## Problem requirements
Each line of data below is to be returned exactly, leaving out any picture.

## Given material
- - - - - - -
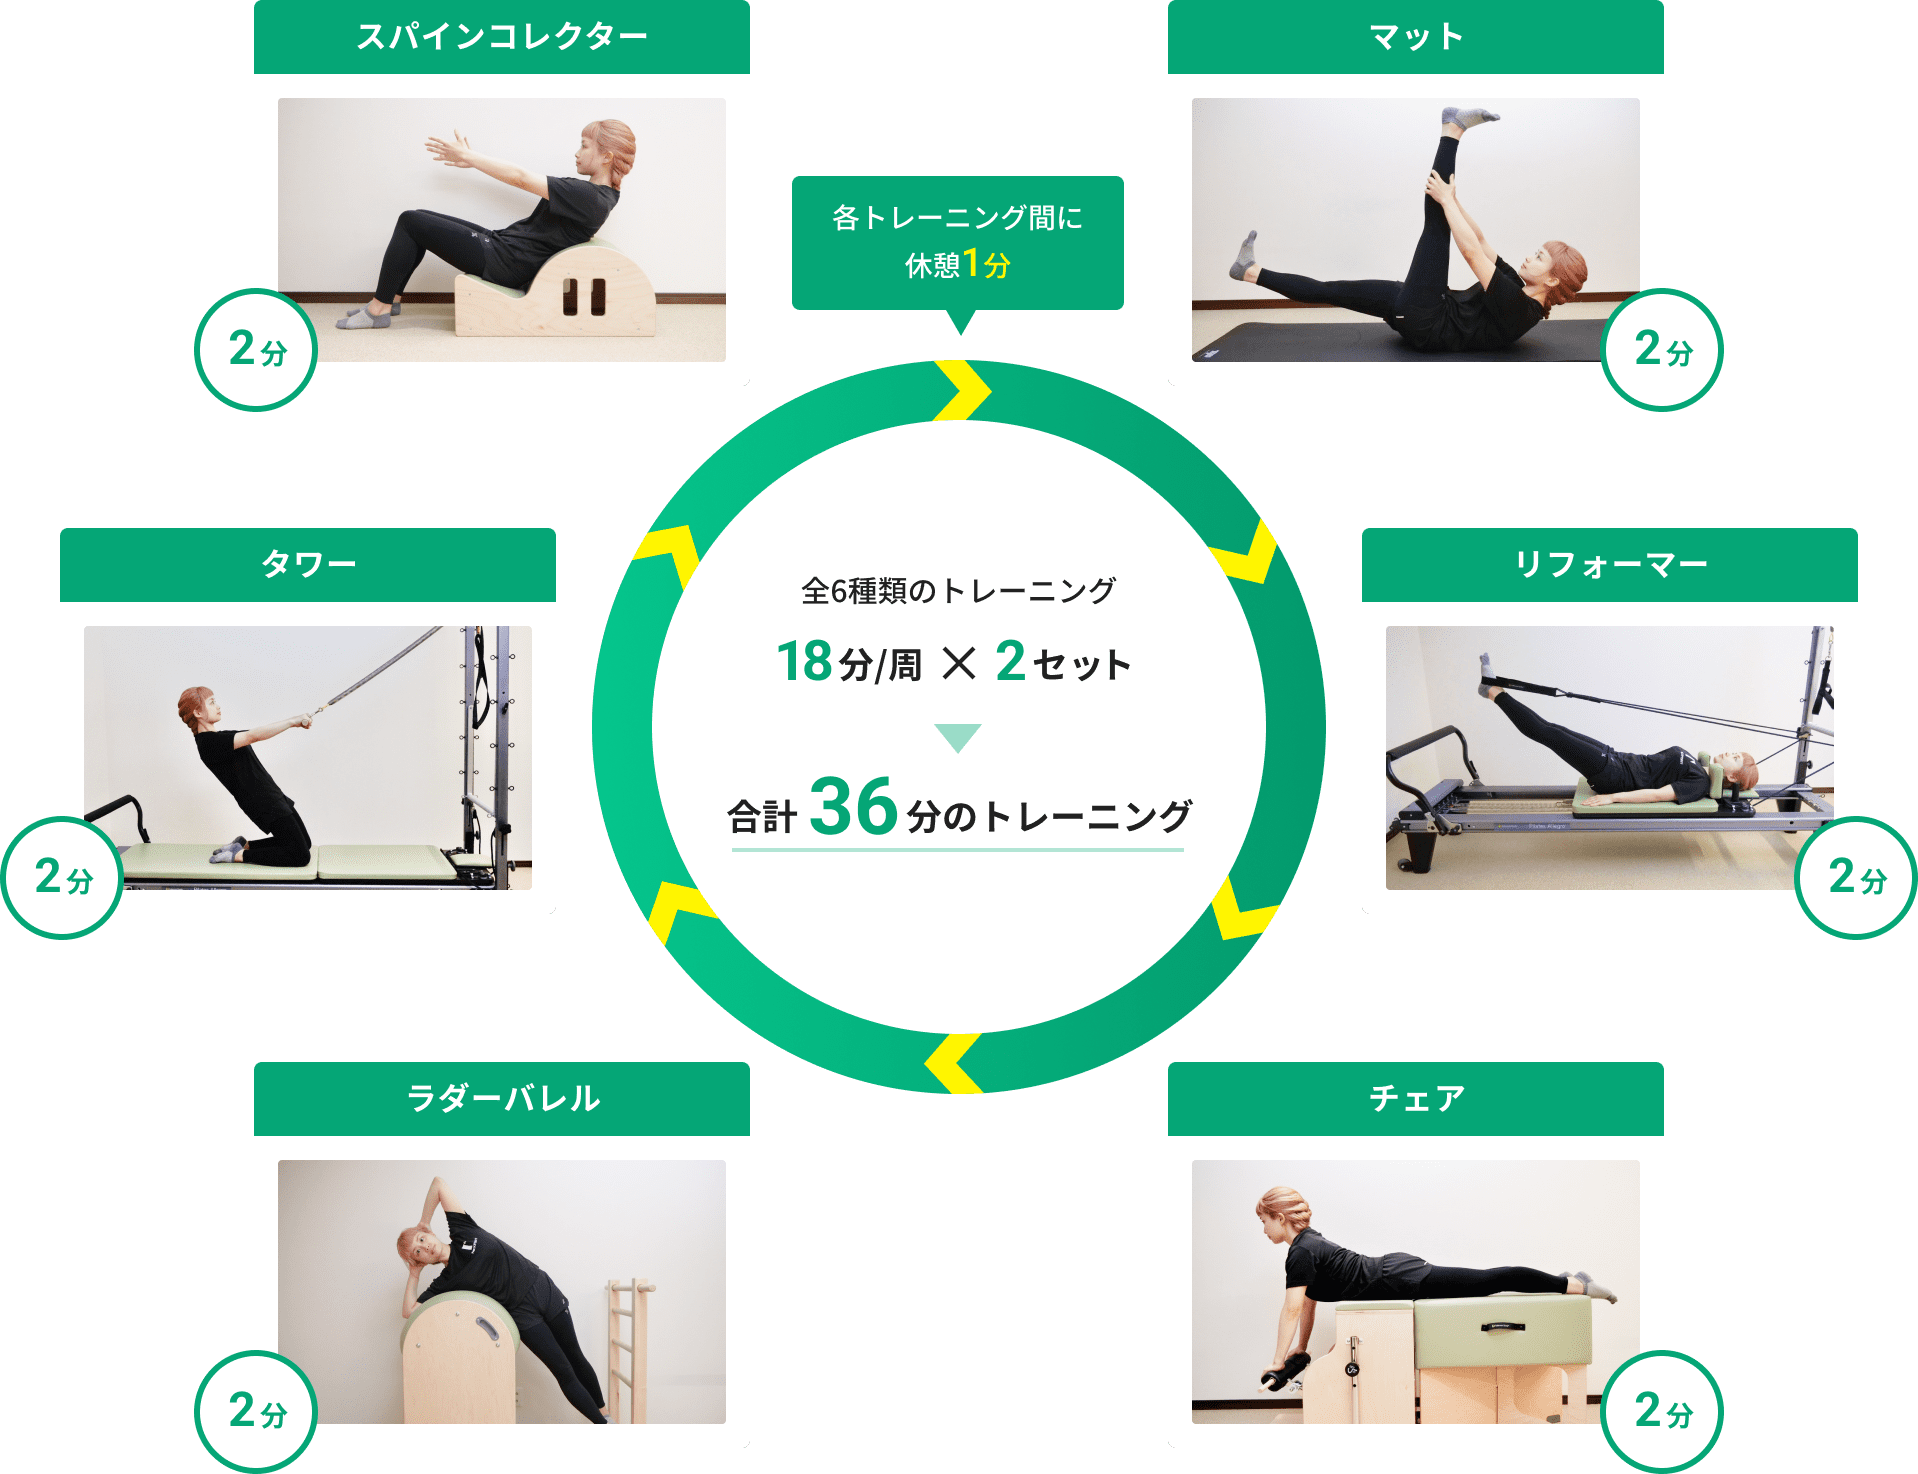 サーキットの図：全6種類のトレーニングが円形に並び、2分のトレーニングと1分の休憩を繰り返している
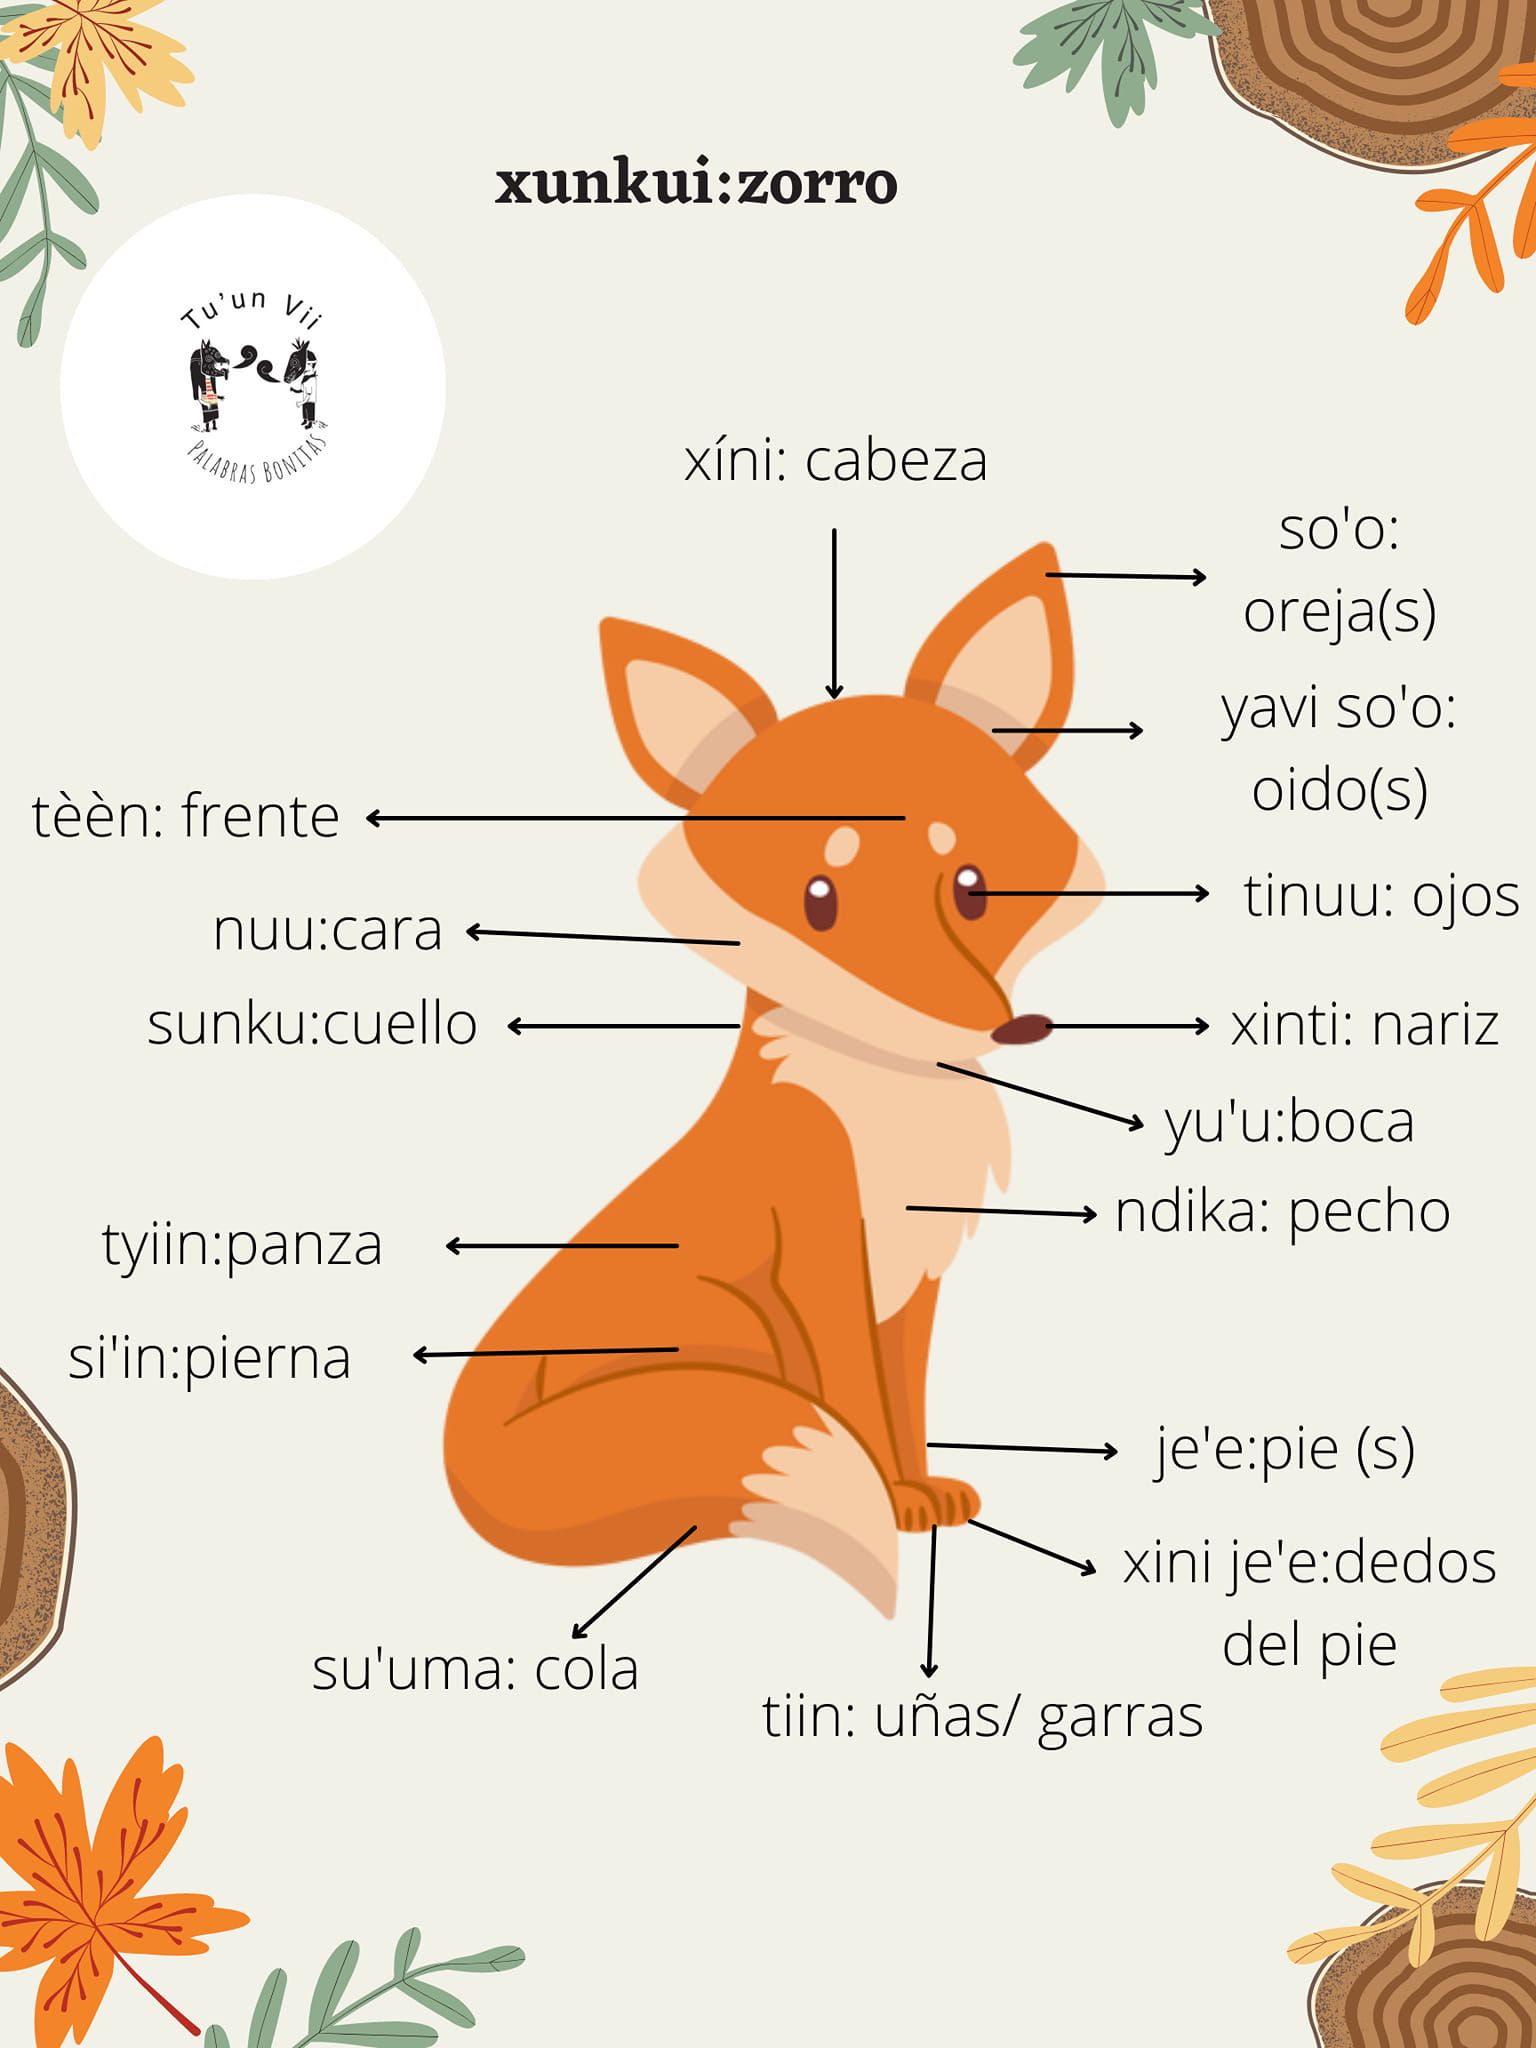 Parts of a cartoon fox labeled in Mixtec and Spanish

Partes del cuerpo de un zorro en mixteco, elaborado por Izaira López Sánchez
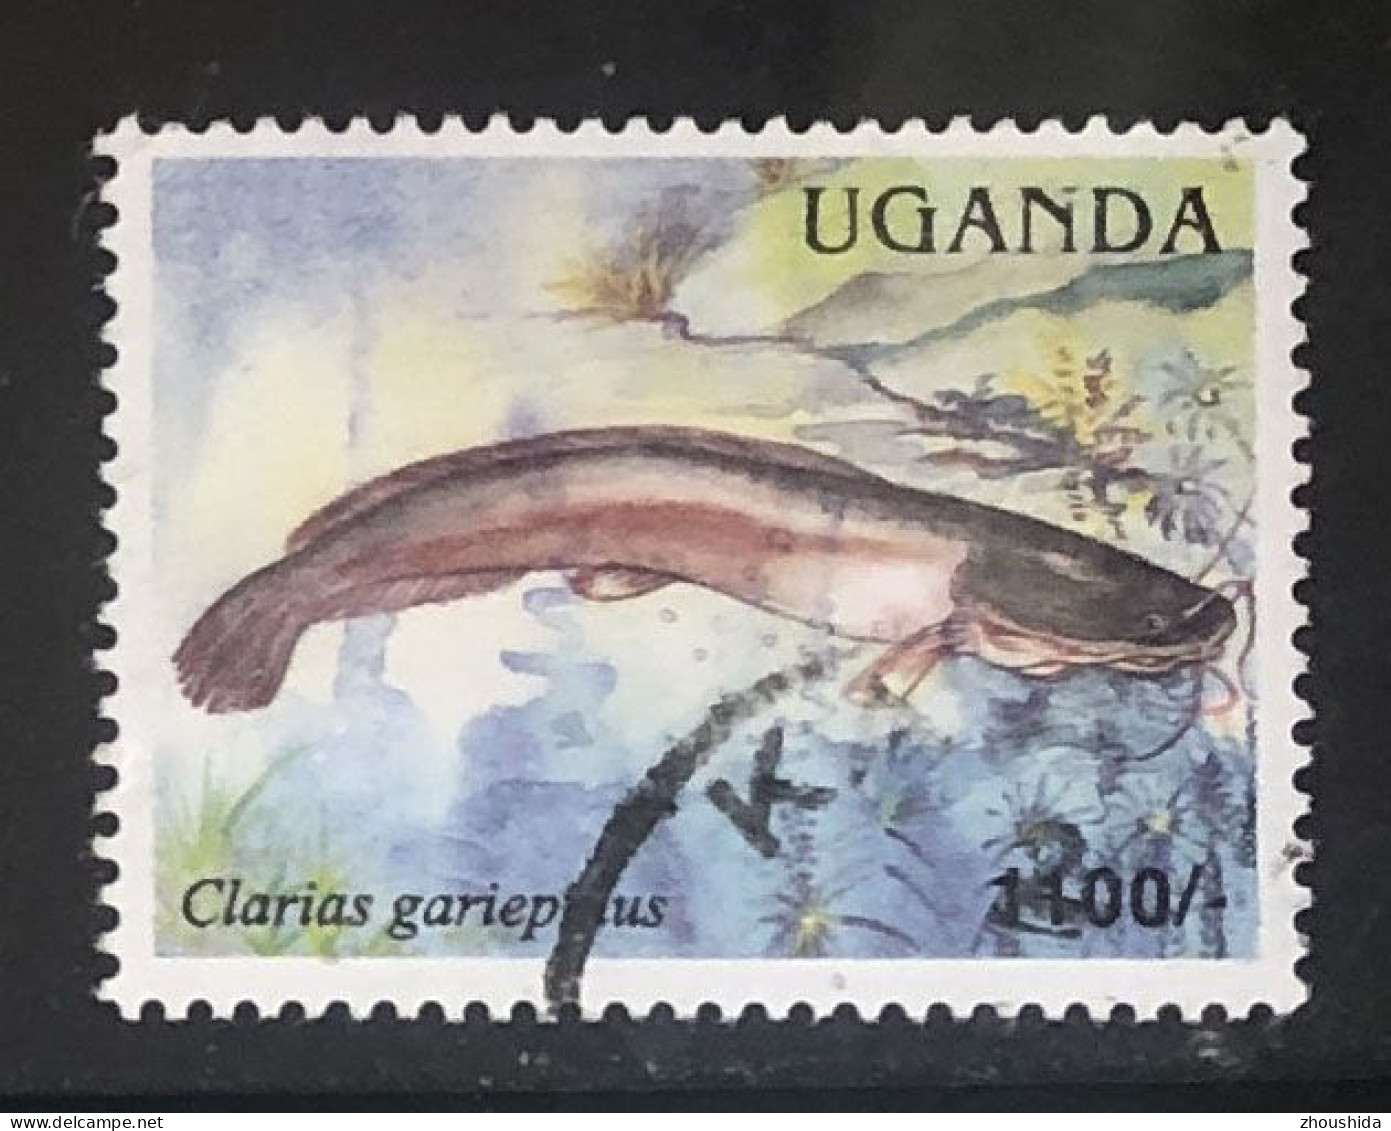 Uganda Fish 1100sh Fine Used - Ouganda (1962-...)
- - - - - - -
## Response to the task
 サーキットの図：全6種類のトレーニングが円形に並び、2分のトレーニングと1分の休憩を繰り返している
 Parts of a cartoon fox labeled in Mixtec and Spanish

Partes del cuerpo de un zorro en mixteco, elaborado por Izaira López Sánchez
 Uganda Fish 1100sh Fine Used - Ouganda (1962-...)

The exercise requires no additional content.